Subsec. (f)(12)(B)(v), (vi). Pub. L. 109-135, Sec. 403(gg),
added clauses (v) and (vi).
Subsec. (e)(3)(C)-(D). Pub. L. 109-73, Sec. 305(a),
redesignated subpar. (C) as subpar. (D) and added subpar. (C).
Subsec. (e)(3)(D)-(E). Pub. L. 109-73, Sec. 306(a),
redesignated subpar. (D), as redesignated by P.L. 109-73, Sec. 305(a),
as subpar. (E) and added subpar. (D).
2004--Subsec. (e)(1)(B)(i)-(iii). Pub. L. 108-357, Sec. 882(a),
amended subpar. (B) by striking “or” at the end of clause (i); by
substituting “or” for the period at the end of clause (ii); and by
adding clause (iii).
Subsec. (f)(10)(A). Pub. L. 108-357, Sec. 413(c)(30),
amended subpar. (A) by striking “556(b)(2)”.
Subsec. (f)(11). Pub. L. 108-357, Sec. 883(a),
amended subsec. (f) by adding par. (11).
Subsec. (f)(11)(A)(ii)(I). Pub. L. 108-357, Sec. 882(d),
amended subclause (I) by inserting “subsection (e)(1)(B)(iii) or"
before “section 1221(a)(1)”.
Subsec. (f)(12). Pub. L. 108-357, Sec. 884(a),
amended subsec. (f) by adding par. (12).
Subsec. (m)-(n). Pub. L. 108-357, Sec. 882(b),
redesignated subsec. (m) as subsec. (n) and added subsec. (m).

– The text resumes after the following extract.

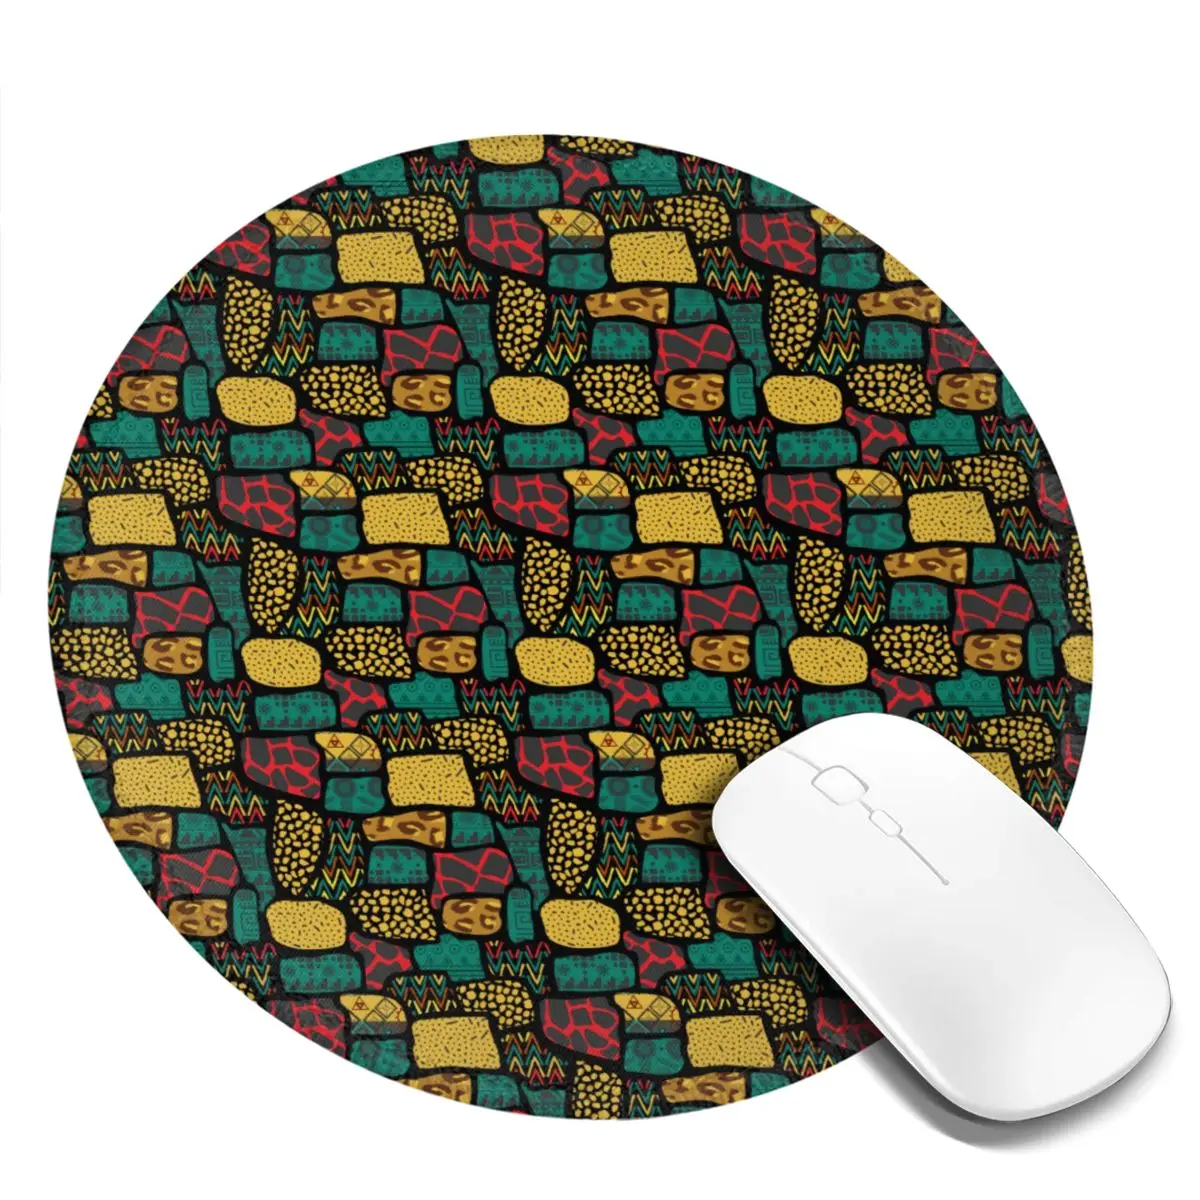 

Африканский разноцветный настольный резиновый коврик для мыши в стиле пэчворк, цветной Противоскользящий коврик для мыши с лучшим изображением

Subsec. (n)-(o). Pub. L. 108-357, Sec. 335(a),
redesignated subsec. (n) (as previously redesignated) as subsec. (o)
and added subsec. (n).
Subsec. (e)(6)(G). Pub. L. 108-311, Sec. 306(a),
amended subpar. (G) by substituting “2005” for “2003”. Subsec. (g)(1). Pub. L. 108-311, Sec. 207(15),
amended par. (1) by inserting “(determined without regard to subsections
(b)(1), (b)(2), and (d)(1)(B) thereof)” after “section 152”.
Subsec. (g)(3). Pub. L. 108-311, Sec. 207(16),
amended par. (3) by substituting “subparagraphs (A) through (G) of
section 152(d)(2)” for “paragraphs (1) through (8) of section 152(a)”.
2002--Subsec. (e)(6)(B)(i)(III). Pub. L. 107-147, Sec. 417(7),
amended subclause (III) by substituting “2000),” for “2000,”.
Subsec. (e)(6)(B)(iv). Pub. L. 107-147, Sec. 417(22),
provided that the amendment made to clause (iv) by Pub. L. 106-554, Sec. 165(b)(1),
as if it had struck “in any of the grades K-12”.
2001 - Subsec. (e)(1). Pub. L. 107-16, Sec. 542(e)(2)(B),
amended par. (1) by adding the sentence at the end.
2000 - Subsec. (e)(6). Pub. L. 106-554, Sec. 165(a),
amended par. (6) by substituting “qualified computer contribution"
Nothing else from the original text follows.